Staying On Track During The Exam Period
Exam season is nearly upon us and, whether you’re doing GCSEs and these are your first big exams or you’re an experienced post-grad sitting finals, chances are you’re likely to spending more time sat down at a desk revising than you usually do. That means far less time being even remotely active (you’d be surprised the difference even just standing in a lab compared to sitting down makes!). Here are a few top tips to keep you healthy and calm during the exam period:
Set yourself a 10-15 minute break once an hour (some even recommend every 40 minutes) Working non-stop for 5 hours straight will, for most, be incredibly unproductive. The human concentration span is reasonably short and therefore having regular breaks (even if this is sat chatting to a friend next to you) will be more effective than long blocks of work. This could be the perfect opportunity to grab a coffee, check your phone (because we all know that you don’t do that whilst revising…) or time to get a few minutes of fresh air.
Have an extended break twice a day It’s a good idea to have 2 extended breaks in the day – think of this as lunch time and a mid-afternoon break. Revision and work for exams, as mentioned, involves a lot more time in a sedentary position and thus this is the perfect time to get in some steps! Venture outside and head to the park for a walk in the fresh air - this is something my housemates and I have implemented recently and we have all noticed a change in mood/fresher feeling on return!
Drink heaaaaps of water! Often during exams people forget to drink – if you’re sat down at your desk with a laptop and textbook in front of you it is so easily done! To keep your brain functioning, prevent dehydration and just generally maintain a healthy body state, keep drinking! I find it useful to set a daily target that I work towards.
Keep healthy snacks in your bag We all know it is SO easy to just snack on anything in sight when it comes to revision.

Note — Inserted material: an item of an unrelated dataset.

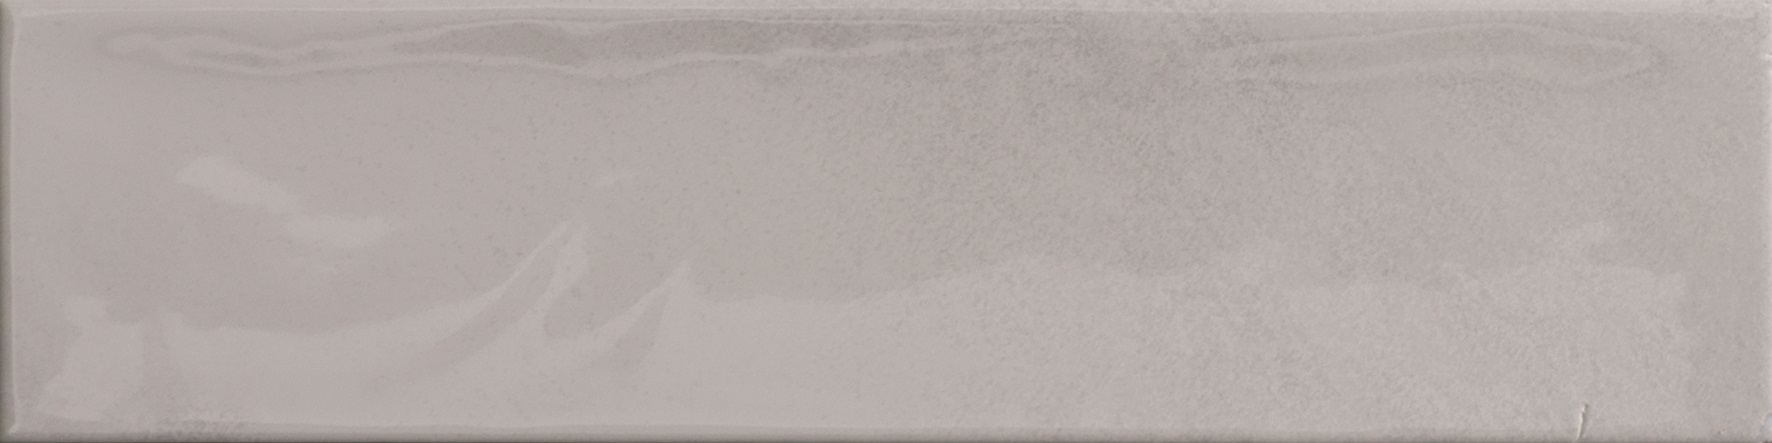 Catalea Gres Timra Metrofliesen Weiß glänzend 7,5x30 cm

Head out to the shops and take some time just looking at the food available. Cheap, healthy snacks include apples/fruit, hummus and carrots, rice cakes, fruit and raisin mixes, popcorn..! I have been known to whip out a peanut butter sachet and chopped-up apple in the middle of the library (shh) and it’s a great craving killer!
Schedule in down time and workout time Fitting in down time is so important in order to reduce the changes of completely burning yourself out! Setting an evening cut-off gives you time to wind down and chill out amongst the intense period. If you’re doing the GHO fitness plan or make your own plan it is worth planning in workouts to reduce the chances of you ‘forgetting’ or ‘being too tired’. Working out is a GREAT stress reliever and trust me after a long day in the library you’ll need it!
Staying healthy and calm during exams can be hard, but if you do all you can to reduce the stress and keep yourself active you’ll make it so much easier for yourself!